Computer: Any LINUX based on PC with FORTRAN 77 or FORTRAN 90 and GNU C compiler.
Operating system: LINUX.
RAM: About 2.0 MB
Supplementary material: Files containing the Figures mentioned in the "Summary of revisions:" in this section are available.
Keywords: Event generator, Hadronic production, Bc Meson, Unweighted events.
PACS: 14.40.Nd, 12.38.Bx, 12.39.Jh.
Classification: 11.2, 11.5.

Does the new version supersede the previous version?: No

Nature of problem:
Hadronic Production Bc meson and its excited states.

Solution method:
To generate weighted and unweighted Bc events within PYTHIA environment effectively.

Reasons for new version:
More and more data are accumulated at the large hadronic collider, it should be possible to make precise studies on Bc meson properties, such as its lifetime, mass spectrum and etc.. The BCVEGPY has been adopted by several experimental groups due to its high efficiency in comparison to that of PYTHIA. However, to generate unweighted events with PYTHIA inner mechanism as programmed by the previous version is still time-consuming.
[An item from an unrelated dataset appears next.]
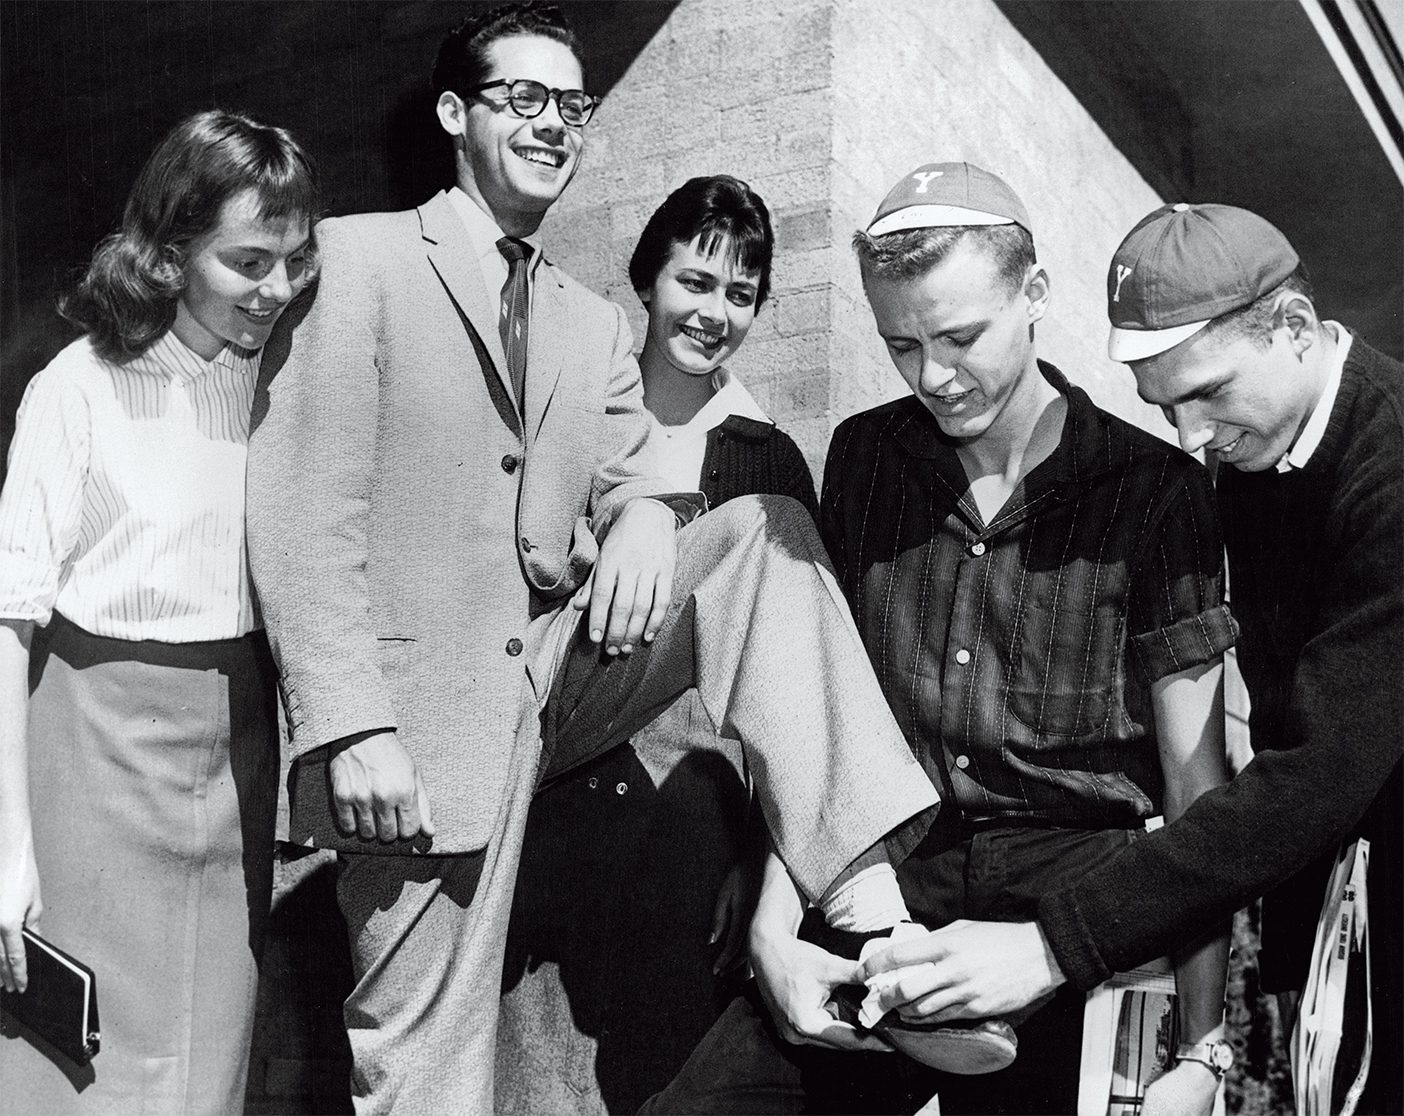 An archival photo from 1958 of BYU freshmen shining shoes.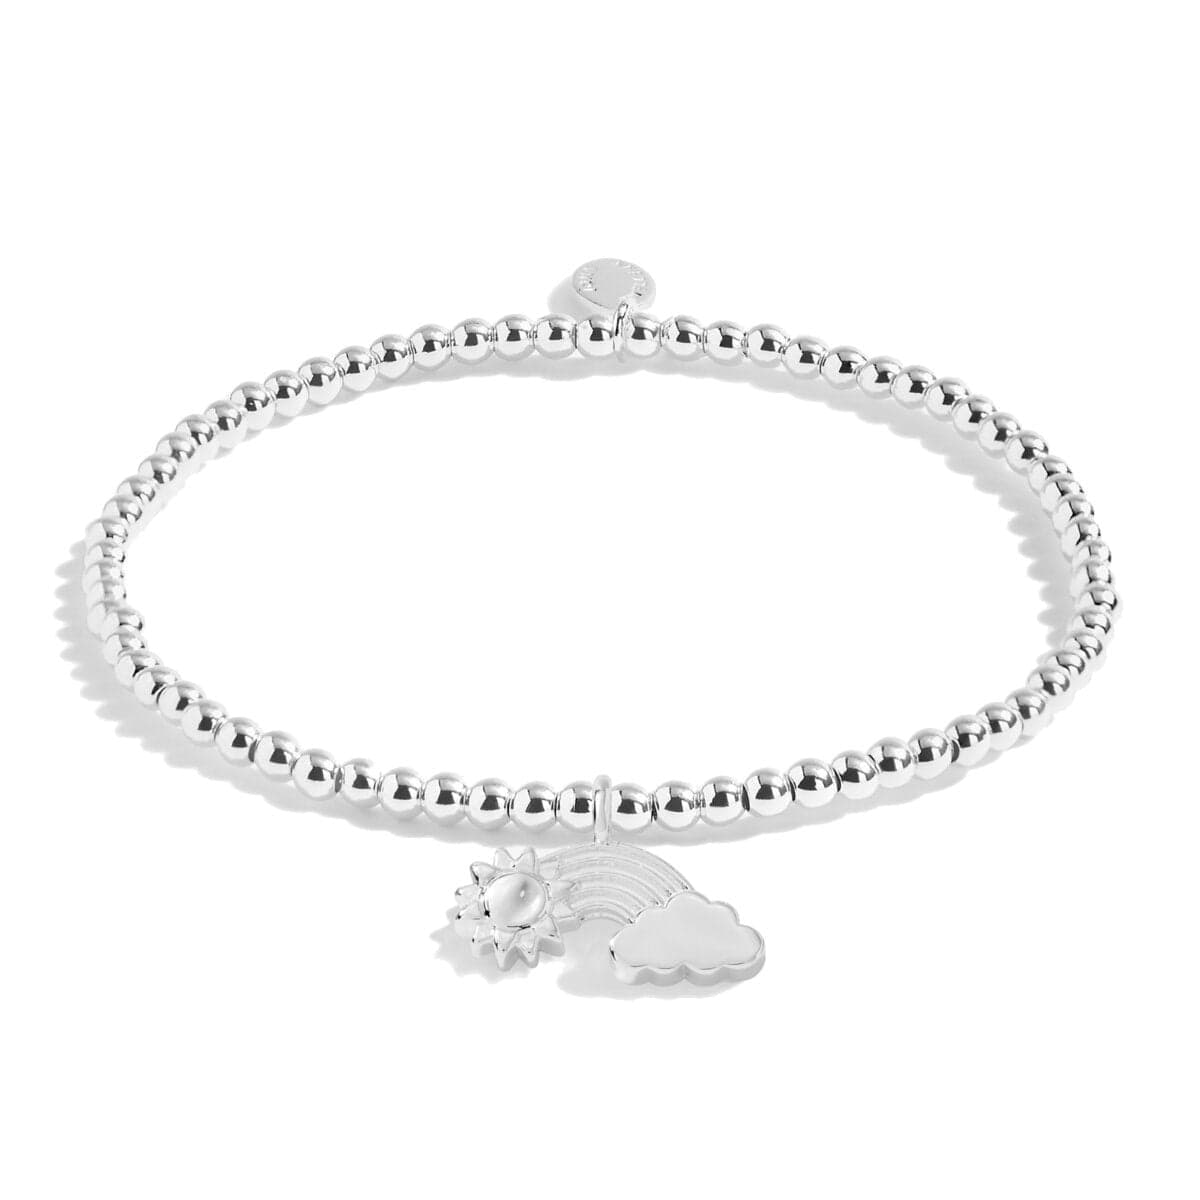 Joma Jewellery Bracelets Joma Jewellery Bracelet - A little Whatever The Weather We'll Get Through This Together

And it would be helpful to improve the efficiency for generating unweighted events within PYTHIA environment. Moreover, it would be better to use a uniform and standard output format for further detector simulation.

Summary of revisions:
  1. The generator BCVEGPY [1-3] has been programmed to generate Bc events under the PYTHIA environment [4] which has been frequently adopted for theoretical and experimental studies, e.g. Refs. [5-18]. It is found that each experimental group will have its own simulation software architecture, and the users will spend a lot of time writing an interface so as to implement BCVEGPY into their own software. So it would be better to supply a standard output.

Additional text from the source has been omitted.